Bacterial cell lysis induced by pre-acidification greatly promoting the degradation of carried antibiotic resistance genes in zero-valent iron activated Fenton-like processes

• ARB inactivation and the degradation of carried ARG were simultaneously achieved. • Pre-acidification lysed ARB cells and facilitated the degradation of carried ARGs. • Plasmid-encoding ARGs were more resistant to be degraded than that in chromosomes. • Residual extracellular DNA in bacterial solution can be fragmented to short fragments. • ARB lysis induced by acidification promoted ARG degradation in ZVI/H 2 O 2 or ZVI/PDS. Zero-valent iron (ZVI) activated Fenton-like processes have been proposed to inactivate ARB that carry diverse antibiotic resistance genes (ARGs) in wastewater, whereas they exhibit very low capacity of degrading ARB-carrying ARGs. Our previous study has revealed that pre-acidification can make cell inactivation and lysis. Thus, the present study investigated the effect of pre-acidification on the inactivation of a multi-drug resistant bacterium Pseudomonas putida MX-2 and the simultaneous degradation of carried seven ARGs by ZVI/H 2 O 2 and ZVI/PDS processes. Results showed that the pre-acidification of bacterial solution to acidic pH greatly promoted the degradation of carried ARGs from 0.14-0.17 logs to 2.48-2.97 logs at the meanwhile of almost completely inactivating P. putida MX-2 in both ZVI/H 2 O 2 and ZVI/peroxydisulfate (PDS) processes. Moreover, the pre-acidification seriously lysed the bacterial cells, released the carried ARGs into the extracellular environment, and facilitated the degradation of extracellular ARGs (e-ARGs) by the generated radicals.

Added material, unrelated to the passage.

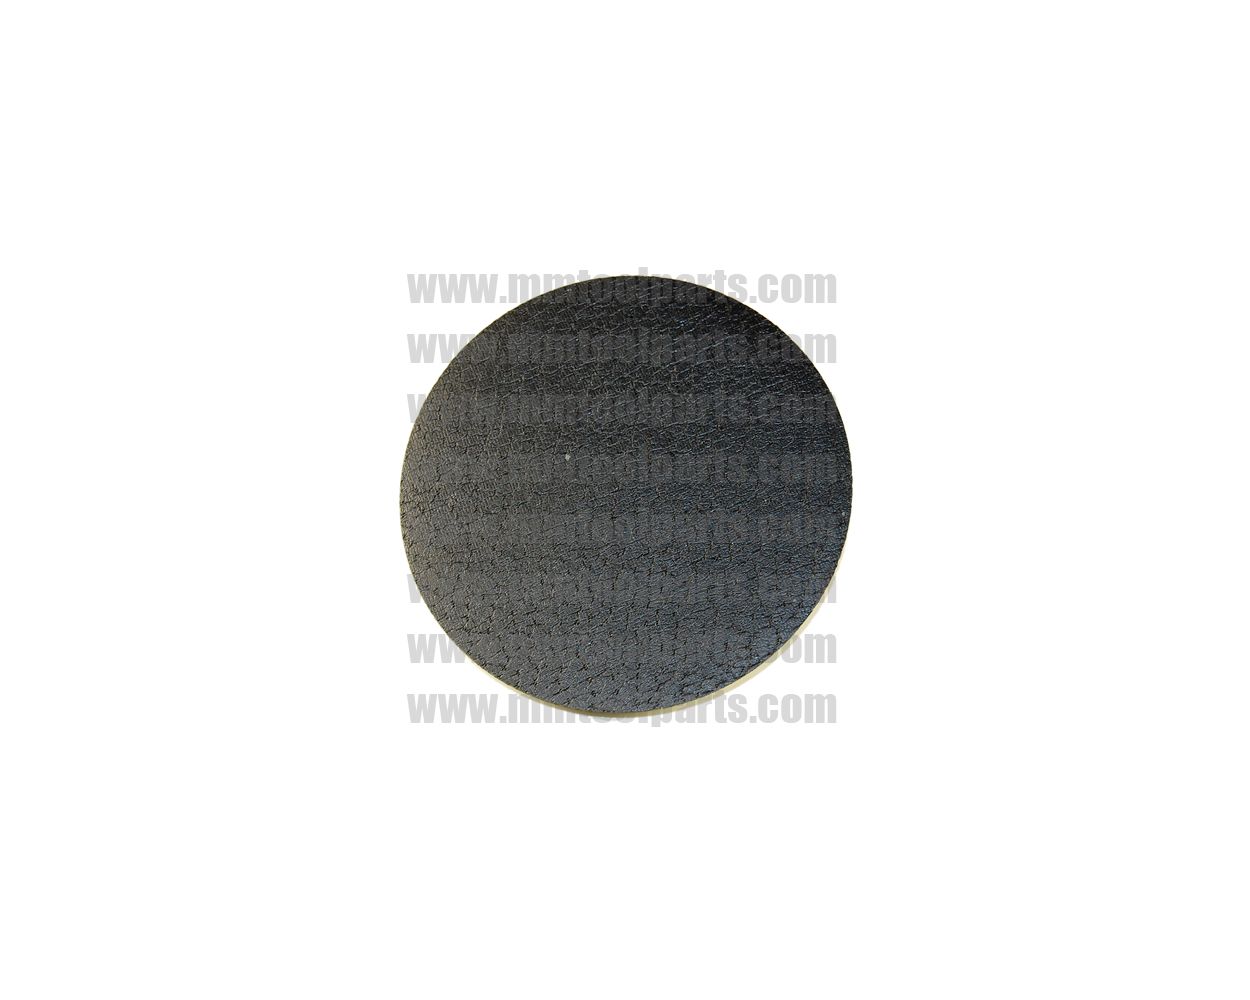 5" Replacement Sanding Pad for Porter Cable 7335 7334 Orbital Sander 13700 
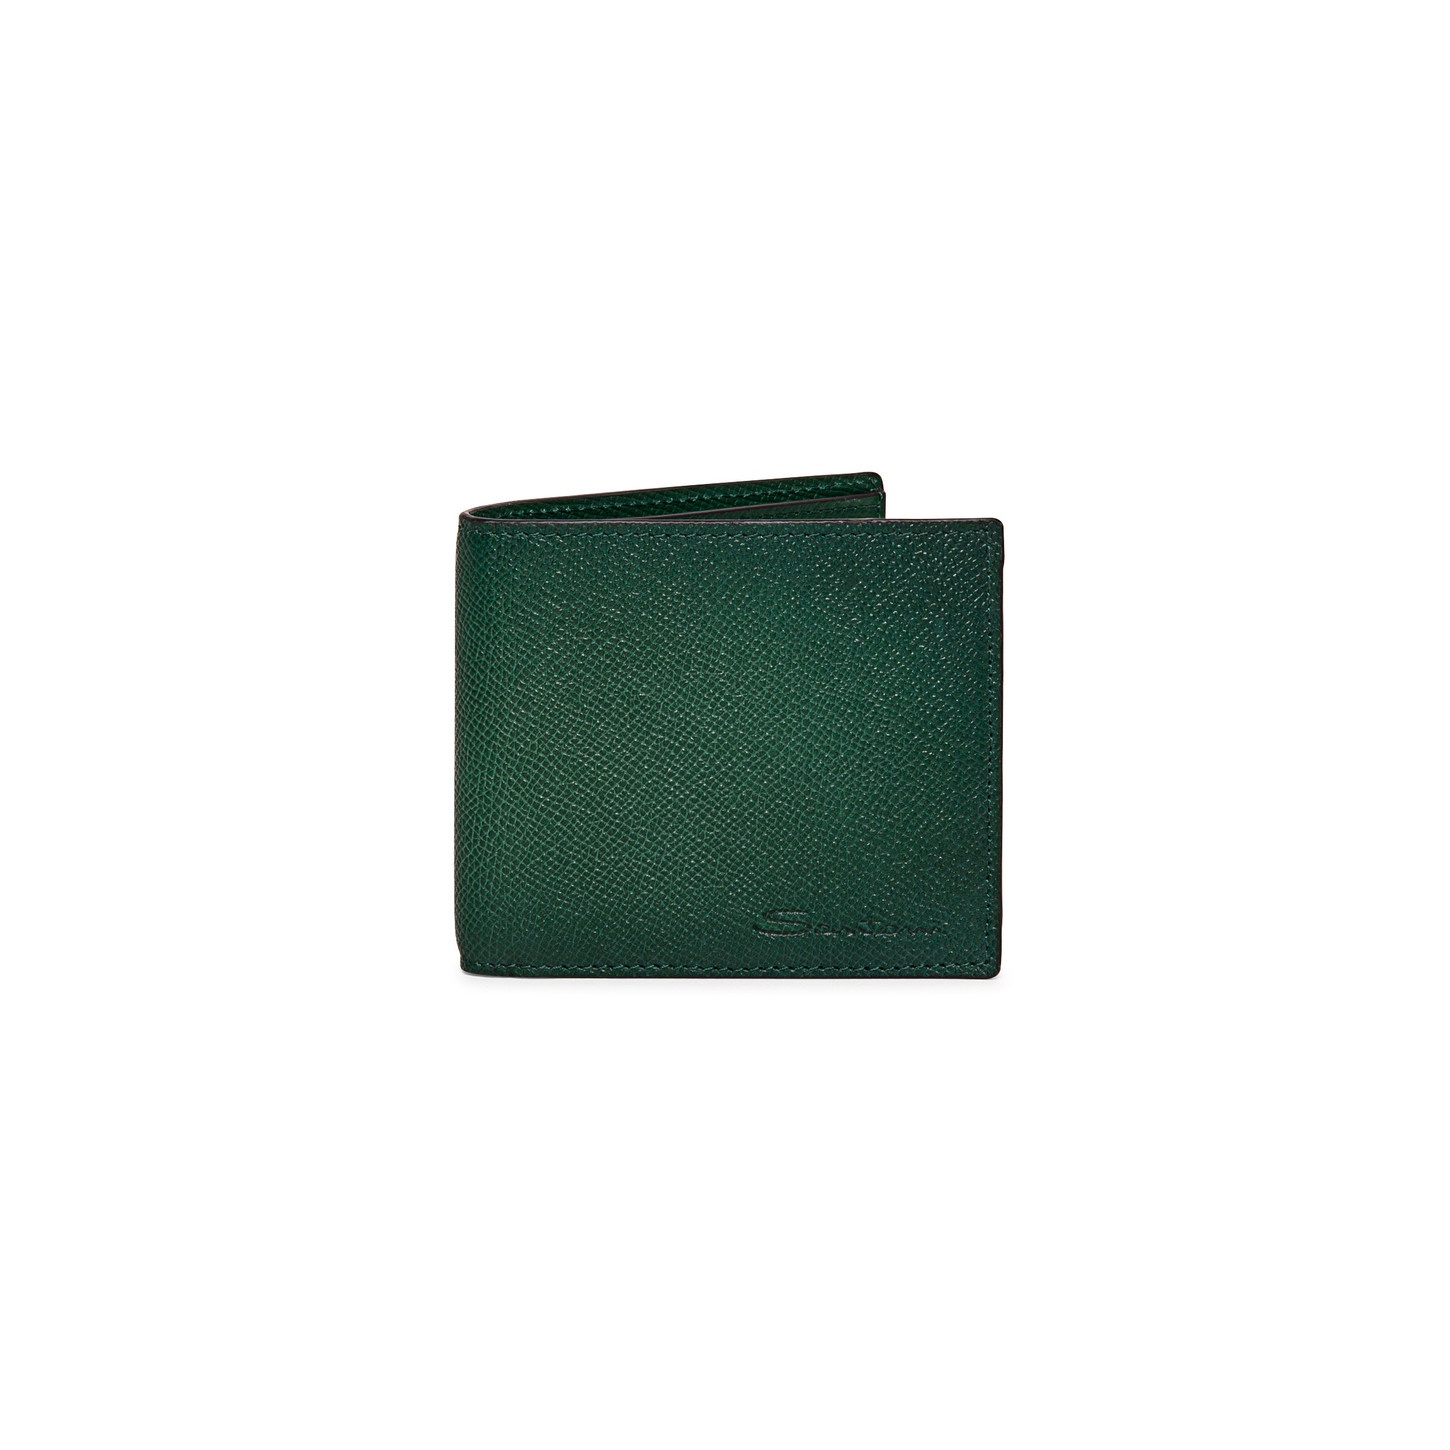 Green saffiano leather wallet - 1

During the degradation of the resultant e-ARGs, they were fragmented to short fragments by ZVI/H 2 O 2 and ZVI/PDS processes. The treatment of real wastewater containing P. putida MX-2 further validated the promoting effect of pre-acidification on the degradation of carried ARGs. Therefore, it is extremely crucial to lyse the cells of ARB efficiently via acidification or other methods to promote the degradation of carried ARGs greatly, which may also be applicable for other advanced oxidation processes to reduce antibiotic resistance in wastewater effectively.